Thanks everyone.
While I'm asking, does anyone have an opinion on solvents and rinse steps to use when cleaning a source? I use an aluminum oxide paste. The document I have been following has you make it with water, then do water -> MeOH -> Acetone -> Hexane sonications on the cleaned parts. But I've seen other places suggest using MeOH to make your paste, or use different solvents, or use them in a different order. Any pros or cons to doing it one way over another?
As Peter mentioned,
the adsorption of water onto the surfaces contributes to the water background.
A trick I use, is to keep the side plate closed, and to put the source in a GC oven @ 100'C for 30 minutes after I clean it.
A discussion with a Agilent Service engineer queried if the source gets oxidised at that
temperature, I replied that I never had any issues after doing this.
The only time I had an issue was when I reassembled the source and it wouldn't tune,
I disassembled it, and found a strand of my hair was lying across the entrance lens orifice.
Alex
I do a similar process when cleaning the source. Keep the side plate closed except when removing and installing the source helps a lot.
If I am running semi-volatiles I sonicate the metal parts last in Methylene Chloride then bake at 50C for a few minutes and have very little water after pump down. If I am cleaning the Volatiles/Purge and Trap instrument I do my final sonication of the metal parts in Methanol before reassembly and bake at 50C for about 15-20 minutes, cool and put it back together. If you sonicate the metal parts in water last, it will take days to get it all out. Also never put any of the insulators into solvent or water because they will take forever to bake out.
(I kinda miss the insulators back on the 5970, you could bake those out in a muffle furnace at 500c and never have much water to worry about.)
As for the aluminum oxide solution, I use Citranox to make the paste, it works better than water or methanol.

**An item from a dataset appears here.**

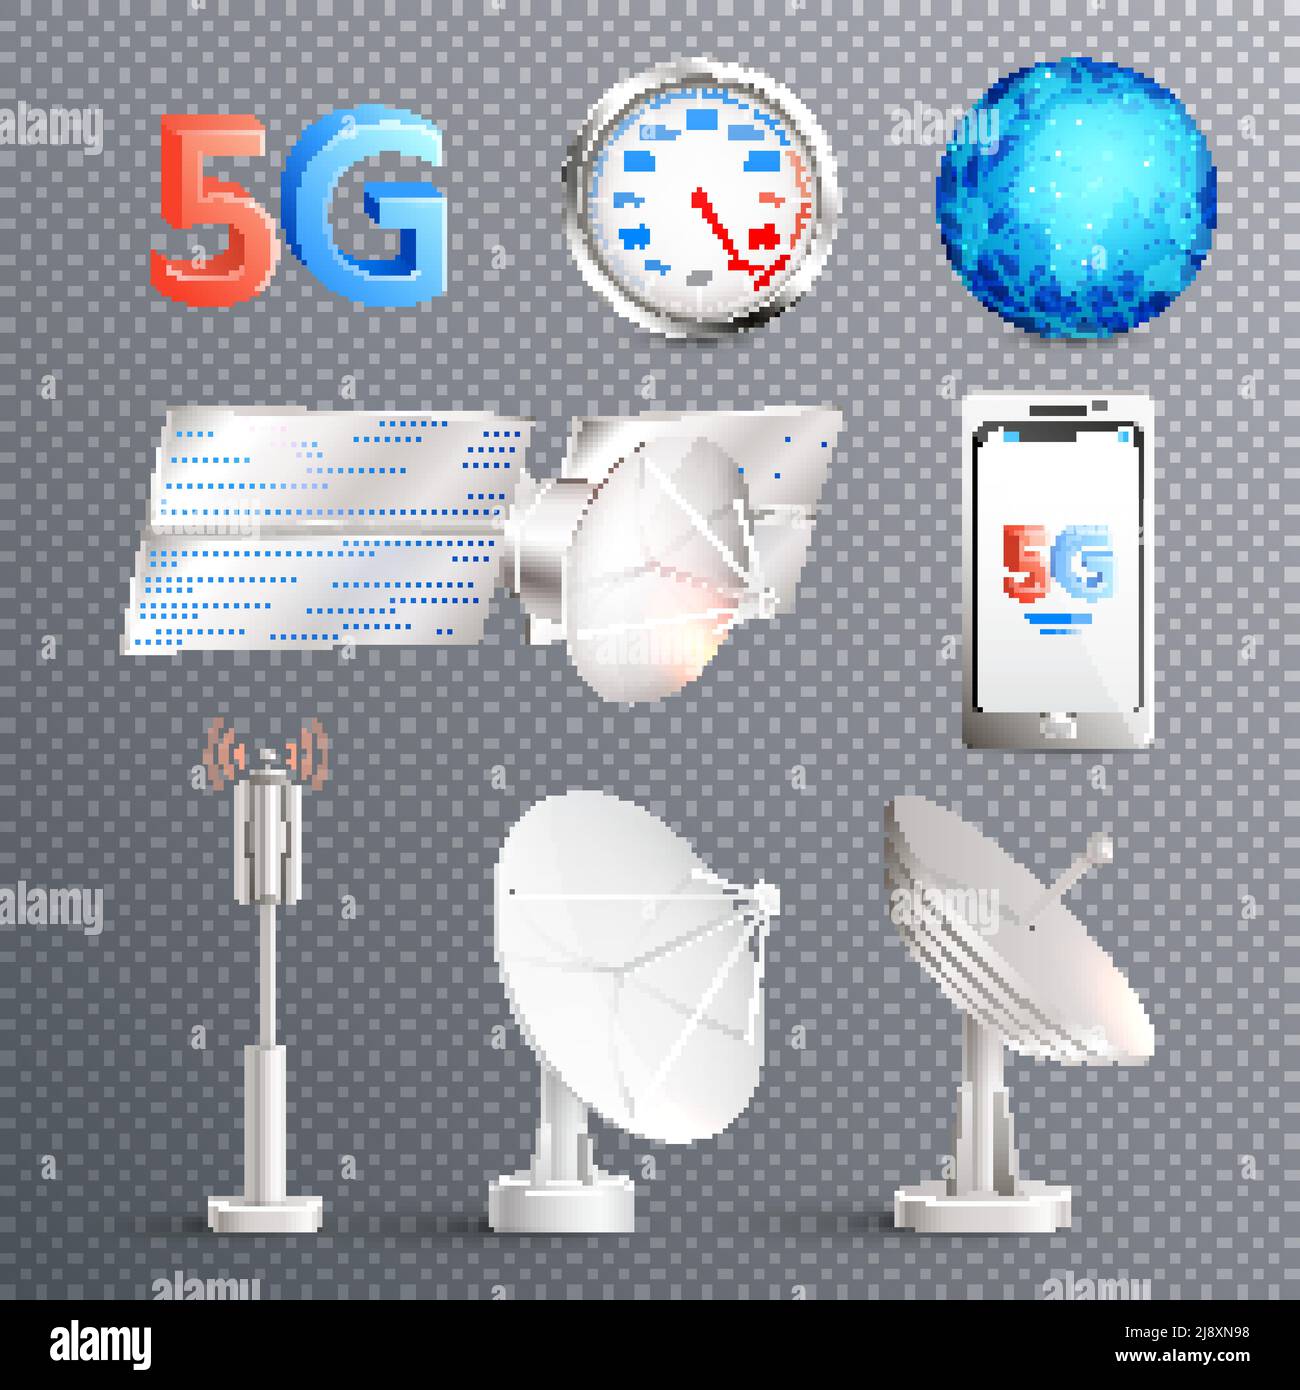 Modern mobile internet technology transparent set of isolated elements promoting signal transmission of 5g standard realistic vector illustration Stock Vector

When you use water or methanol the aluminum oxide tends to just settle to the bottom and not stick to the swab well. It was an Agilent engineer who got me to using Citranox and it works really well. After cleaning I wash with hot water, then sonicate with a Critanox solution in hot water to shake loose any remaining aluminum oxide, then sonicate in water, then methanol. I do a final in Methylene Chloride if it is not being used for volatiles. I don't use that for volatiles so I don't have to wait for it to be vacuumed out, since it is a target compound and I don't want to have a high background for those ions.